PROVIDED DATA
* * * * * * *
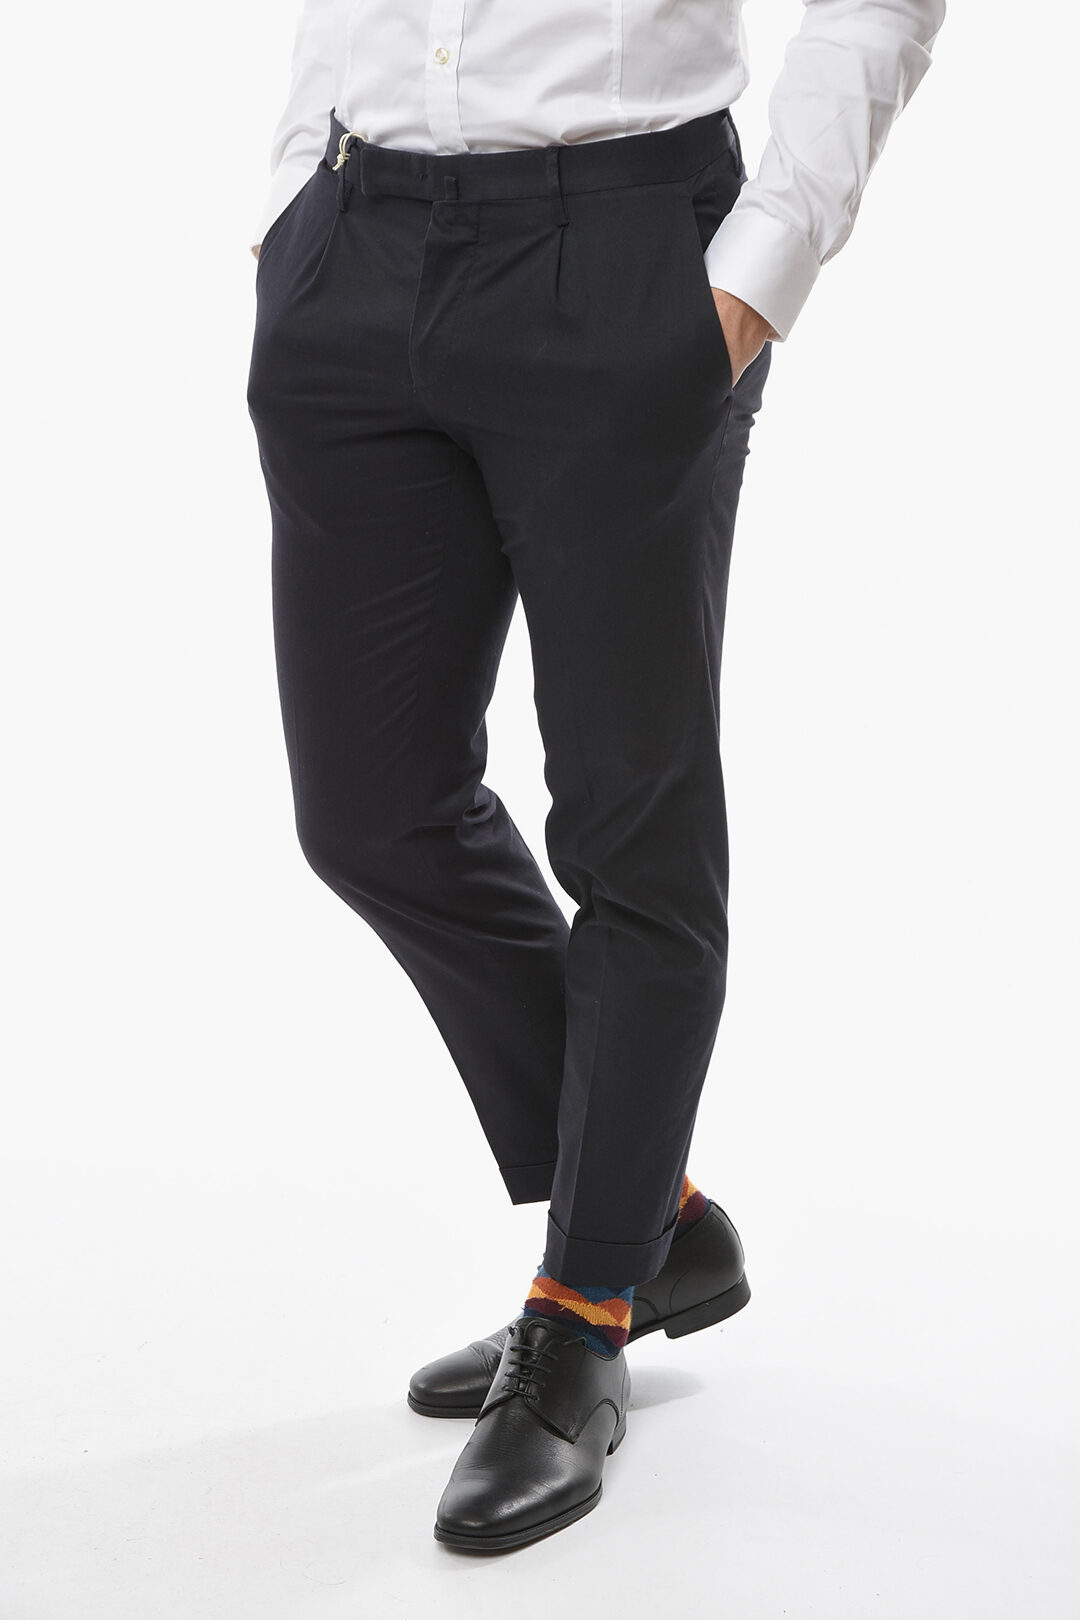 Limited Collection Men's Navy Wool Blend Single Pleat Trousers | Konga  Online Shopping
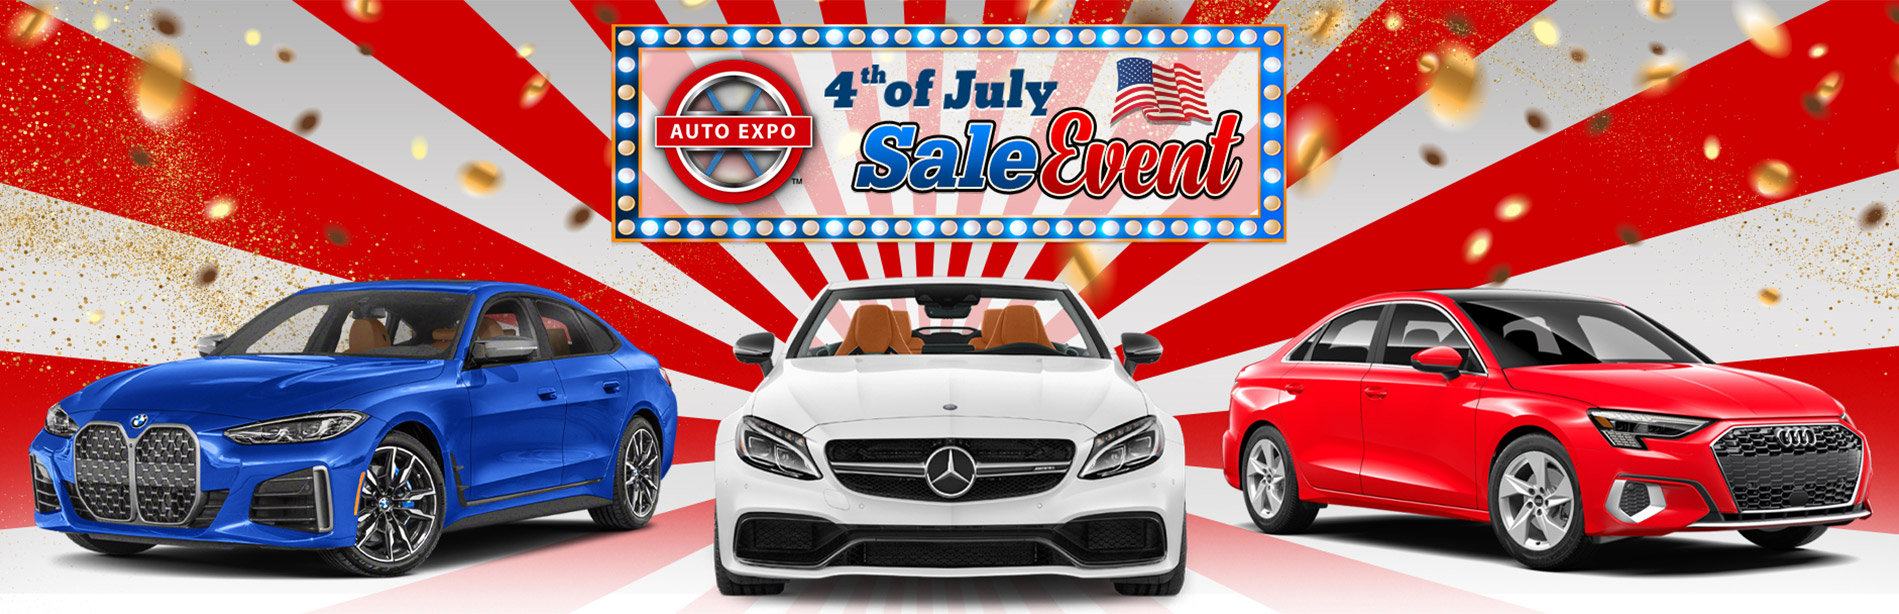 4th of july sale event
* * * * * * *
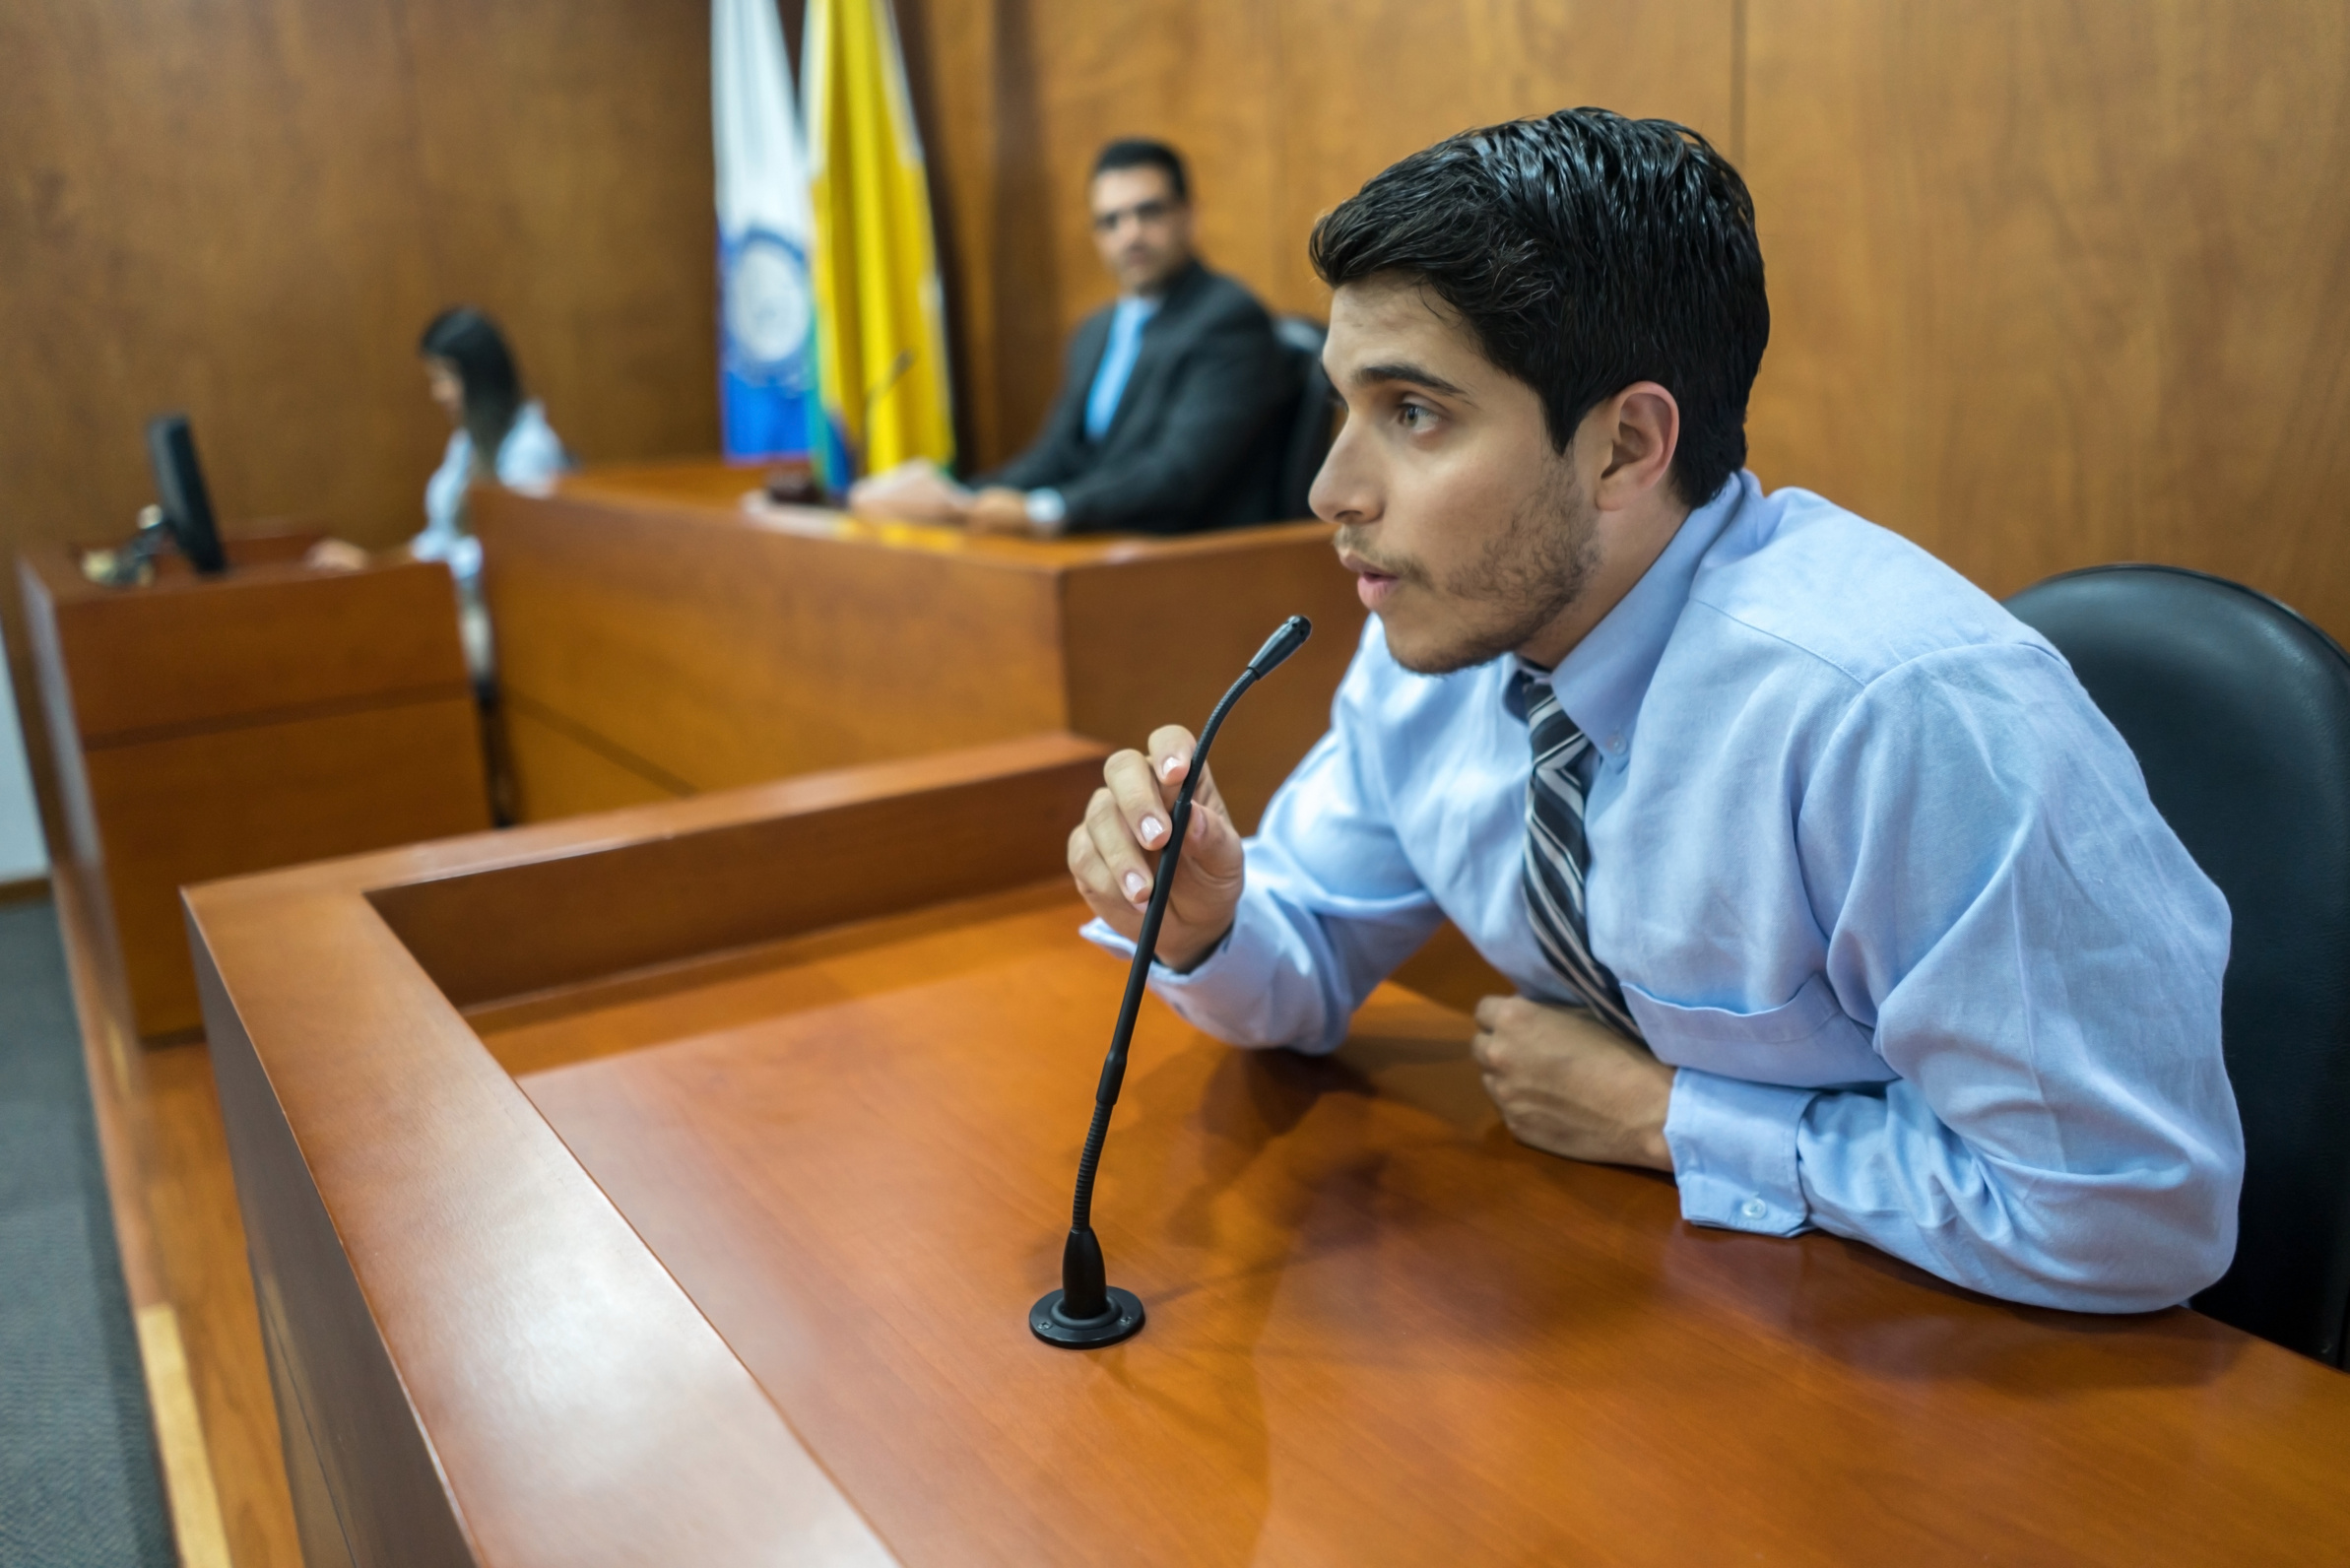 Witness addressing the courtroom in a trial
* * * * * * *
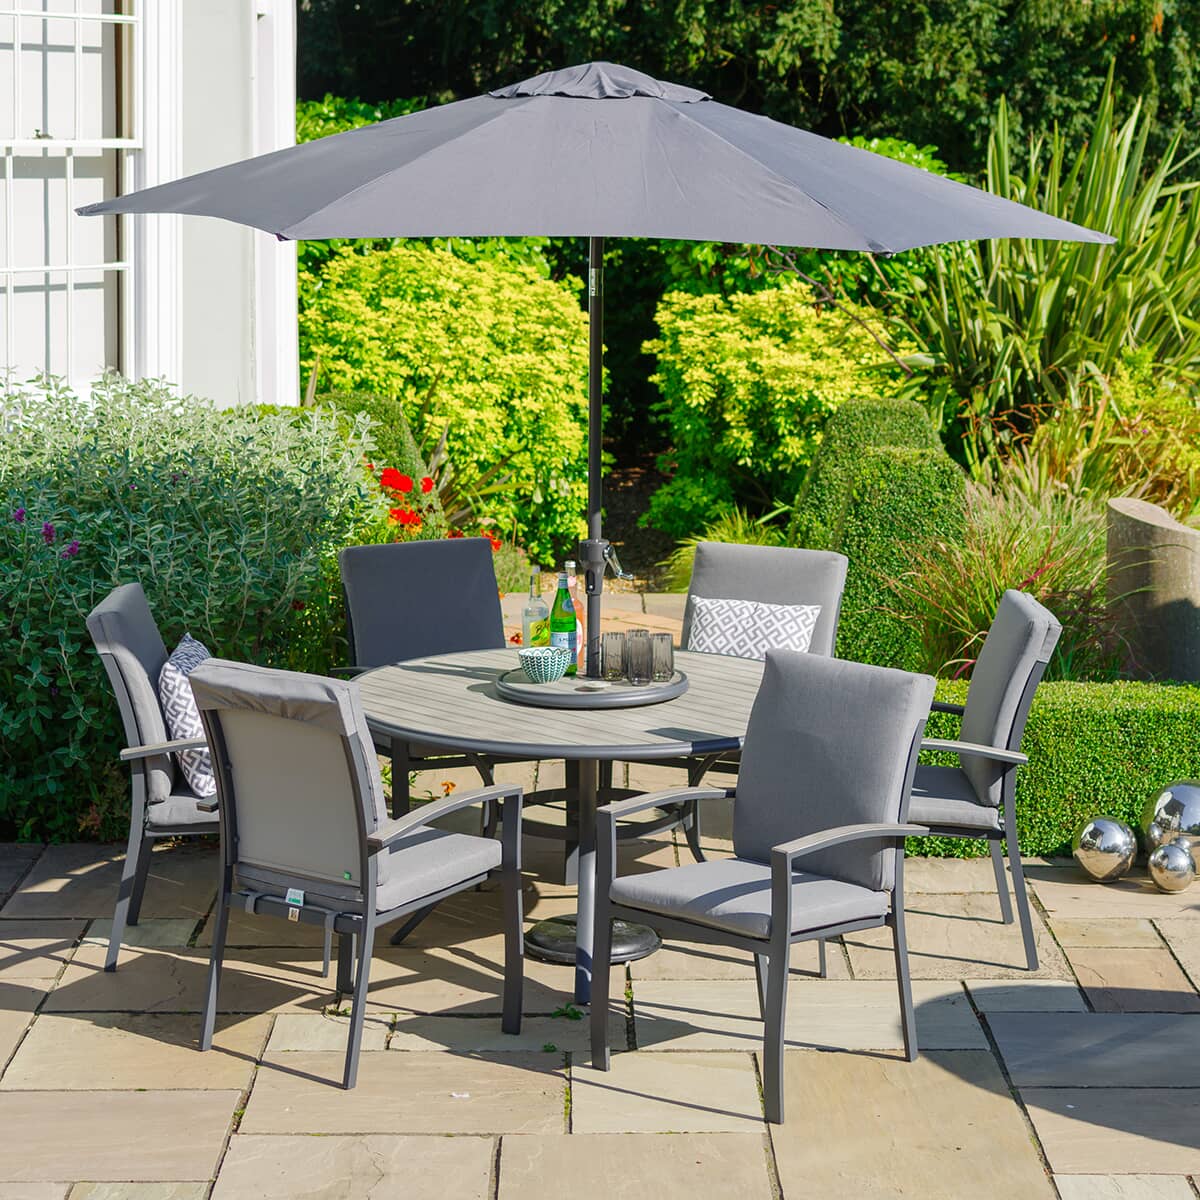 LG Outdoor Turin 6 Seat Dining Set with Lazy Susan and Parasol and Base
* * * * * * *
WHAT YOU WILL DO
Your copy should hold only the lines above from the one containing "Limited Collection Men's" through the one containing "4th of july sale event", exactly as written and free of pictures.

EXPECTED ANSWER
 Limited Collection Men's Navy Wool Blend Single Pleat Trousers | Konga  Online Shopping
 4th of july sale event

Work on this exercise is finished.